Applied Math Seminar Series: Zecheng Zhang, Florida State University
Operator Learning Neural Scaling and Distributed Applications
In this talk, we will focus on operator learning — a framework for approximating mappings between function spaces that has broad applications in PDE-related problems. We will begin by discussing the mathematical foundations of operator approximation, which inform the design of neural network architectures and provide a basis for analyzing the performance of trained models on test samples. Specifically, we will introduce the neural scaling law, which characterizes error convergence in relation to network size and generalization error in relation to training dataset size. Building on these theoretical insights, we will present a distributed learning algorithm based on the theoretical architectures to address two key computational challenges: (1) efficiently handling heterogeneous problems where input functions exhibit vastly different properties, and (2) multi-operator learning, where use one network model to approximate multiple operators simultaneously such that the model can be extrapolated and rapidly adapt to the new problems.
A short bio:
Dr. Zecheng Zhang got his BSc from the Department of Mathematics at Hong Kong Baptist University. Later, he received full sponsorship to do a MSc (supervisors: Professor Yaushu Wong and Professor Peter Minev) in Mathematics at the Department of Mathematics at the University of Alberta.
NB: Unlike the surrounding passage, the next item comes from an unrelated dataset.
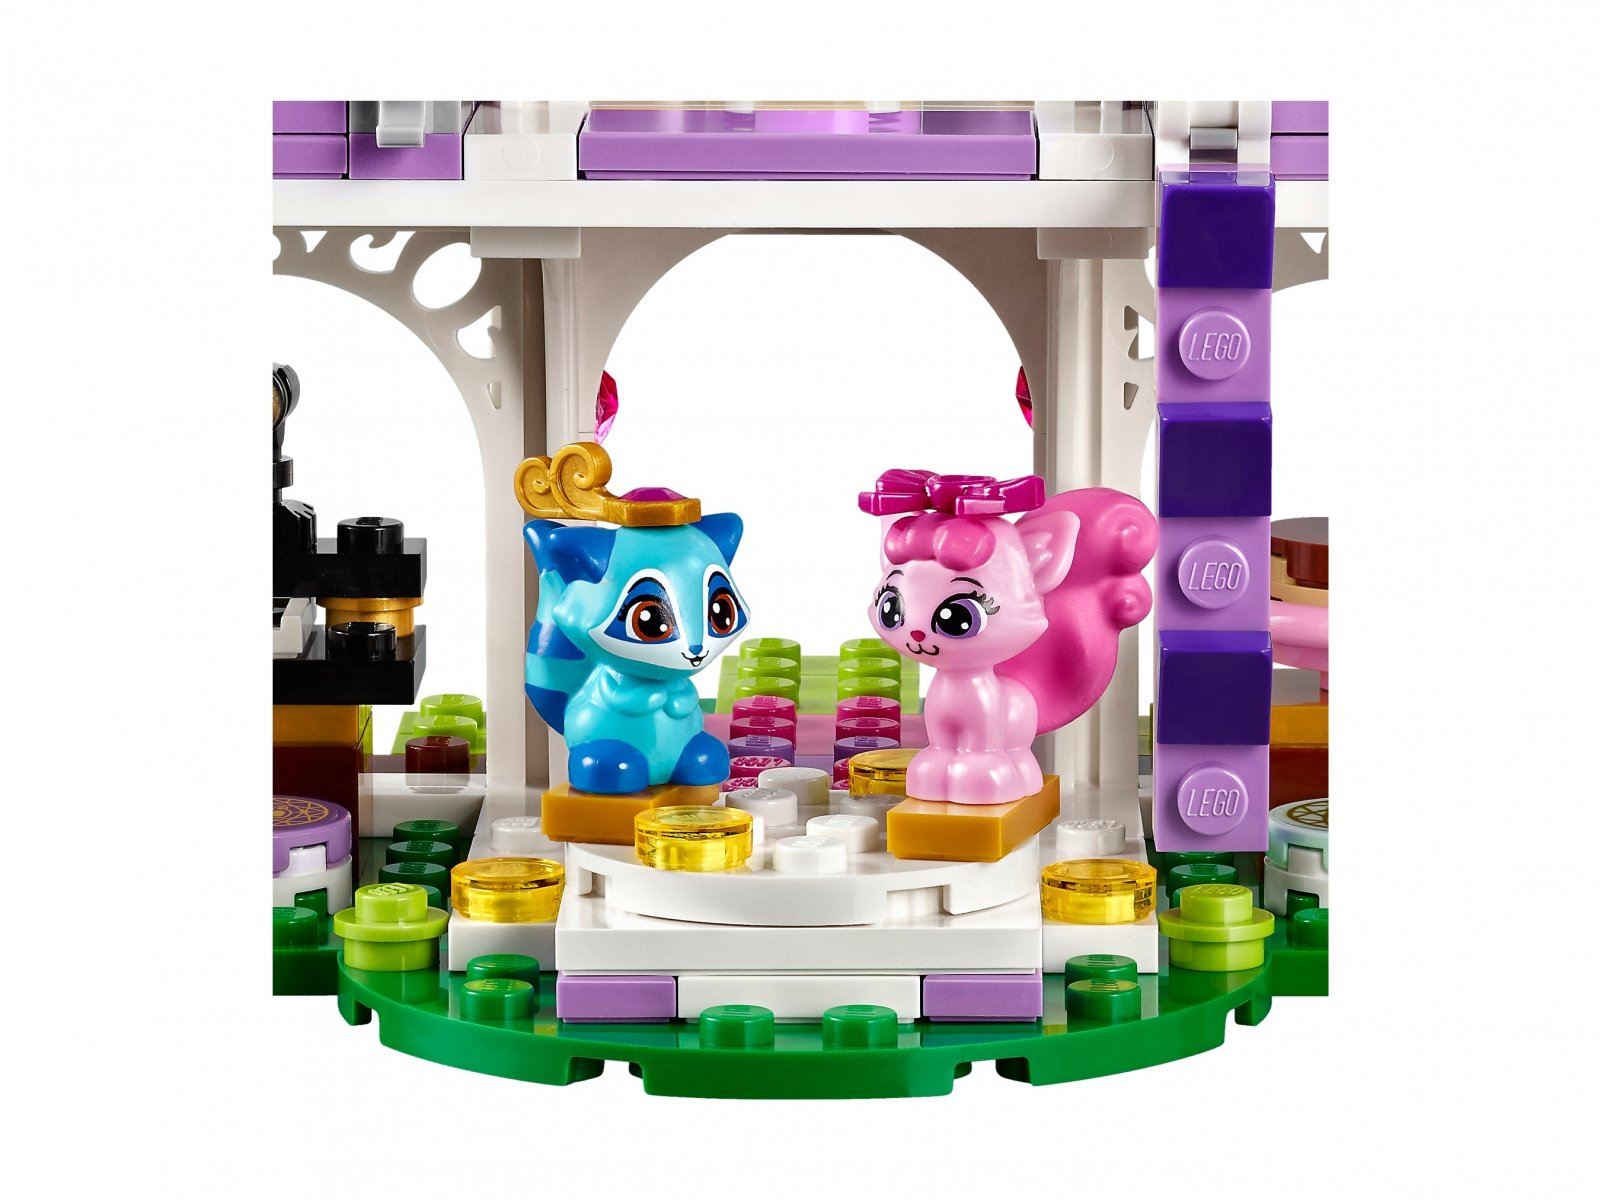 Zamek ZwierzątekZklocków Disney Królewski pl Lego 41142 jL354ARq

He then did his Ph.D. in Mathematics under the supervise of Professor Yalchin Efendiev, and Professor Eric Chung, at Texas A&M University and graduated in 2021. Following graduation, he joined the Department of Mathematics at Purdue as a visiting assistant professor under the supervise of Professor Guang Lin (Purdue). Subsequently, he moved to the Department of Mathematics at Carneigie Mellon University and did postdoc with Professor Hayden Schaeffer (UCLA). In August 2023, he joined the Department of Mathematics at Florida State University as an assistant professor.